Los anuncios, otro espectáculo

El domingo de la Super Bowl ya está aquí y, como siempre, hay una amplia lista de anunciantes dispuestos a competir por la atención de los aficionados durante las pausas del partido. Emitir un anuncio de la Super Bowl no es tarea fácil. Además de los 7 millones de dólares que cuesta un anuncio de 30 segundos durante el partido, las marcas contratan a los mejores actores, invierten en deslumbrantes efectos especiales e intentan crear un anuncio que guste a los más de 100 millones de espectadores, o al menos que lo recuerden.

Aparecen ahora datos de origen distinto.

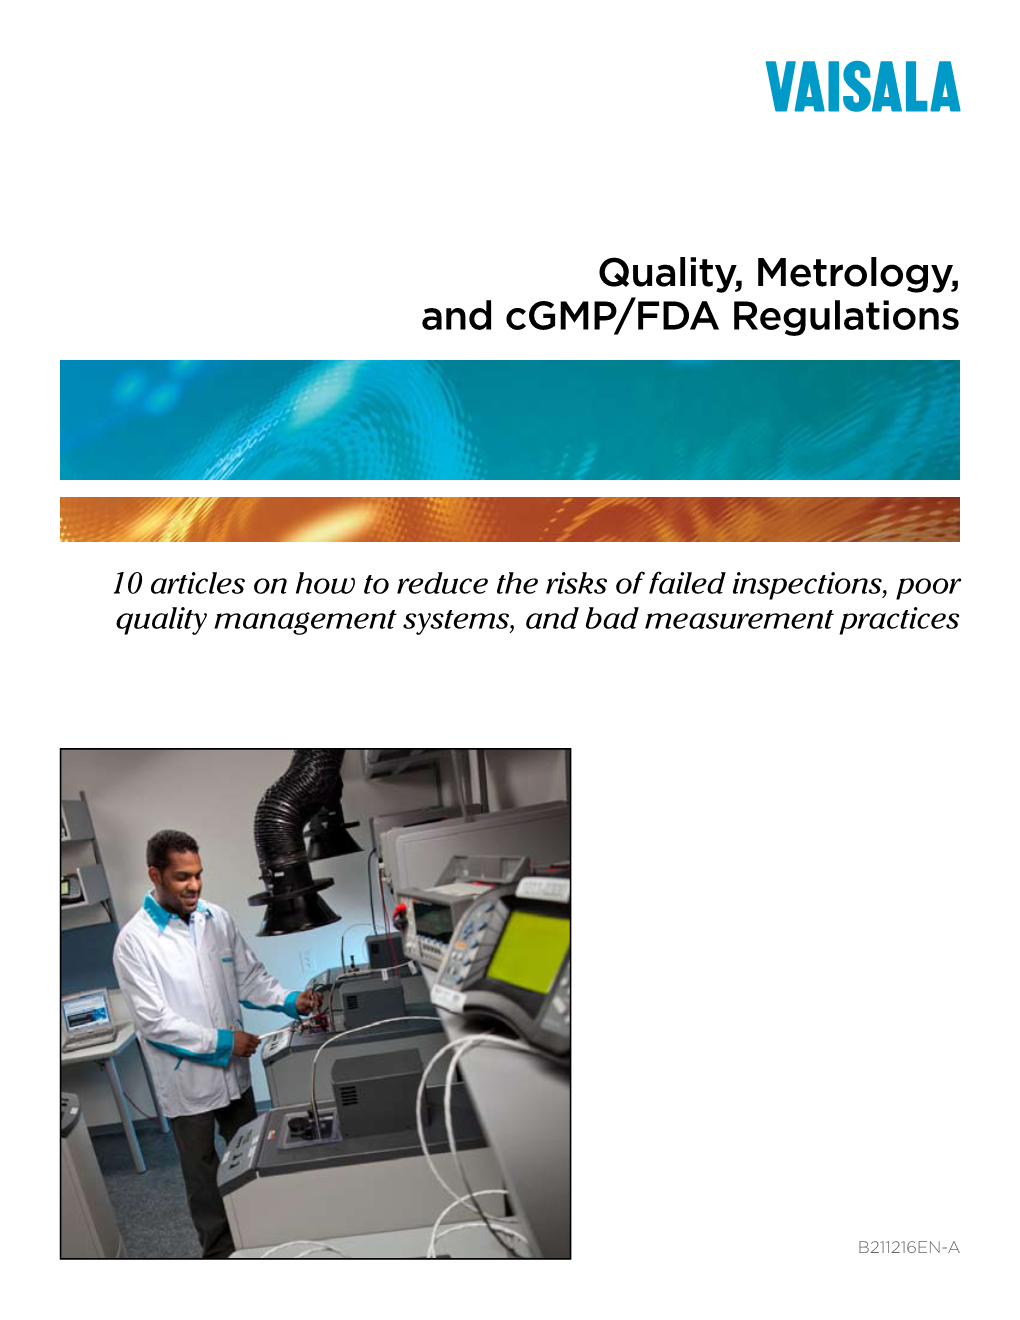 Quality, Metrology, and Cgmp/FDA Regulations

«Es difícil llamar la atención, y en realidad no hay una receta única», afirma Linli Xu, profesora asociada de marketing de la Universidad de Minnesota. «Tiene que encajar con (cada) marca».

Eso significa que los anunciantes deben ser creativos y adoptar distintos enfoques. Algunos favoritos, como los Clydesdales de Budweiser, recurren a la nostalgia año tras año. Otros intentan hacer reír a los espectadores con humor ligero e interminables cameos de famosos. Y unos pocos adoptan tonos más serios o emotivos que tocan la fibra sensible.

Muchos anunciantes ya han lanzado sus anuncios antes del partido del domingo entre los 49ers de San Francisco y los Chiefs de Kansas City, que se emite en la CBS y en Paramount+ en Estados Unidos. Algunos de estos anuncios incluyen a Christopher Walken lidiando con gente que se hace pasar por él todo el día para BMW, el rapero Ice Spice sorbiendo Starry después de una «ruptura» con otro refresco de lima-limón y los bebés portavoces de ETrade volviendo en un anuncio que los muestra jugando al pickleball – o «básicamente tenis para bebés».

Este año también ha habido muchos reencuentros en anuncios de series de televisión. Jennifer Aniston parece olvidar que alguna vez trabajó con su coprotagonista de «Friends» David Schwimmer en un anuncio de Uber Eats, por ejemplo. Y en un anuncio repleto de cameos de famosos -incluida la jueza Judy Sheindlin-, los cosméticos e.l.f. reúnen a los protagonistas de «Suits» Gina Torres, Rick Hoffman y Sarah Rafferty en una parodia de tribunal.

Por supuesto, no todos los anunciantes publican sus anuncios con antelación, así que habrá sorpresas el domingo. En un año de elecciones presidenciales en Estados Unidos, es posible que veamos un anuncio del candidato. Y aunque no ha habido indicios de ello, muchos se preguntan si los anunciantes aprovecharán de algún modo la popularidad de Taylor Swift.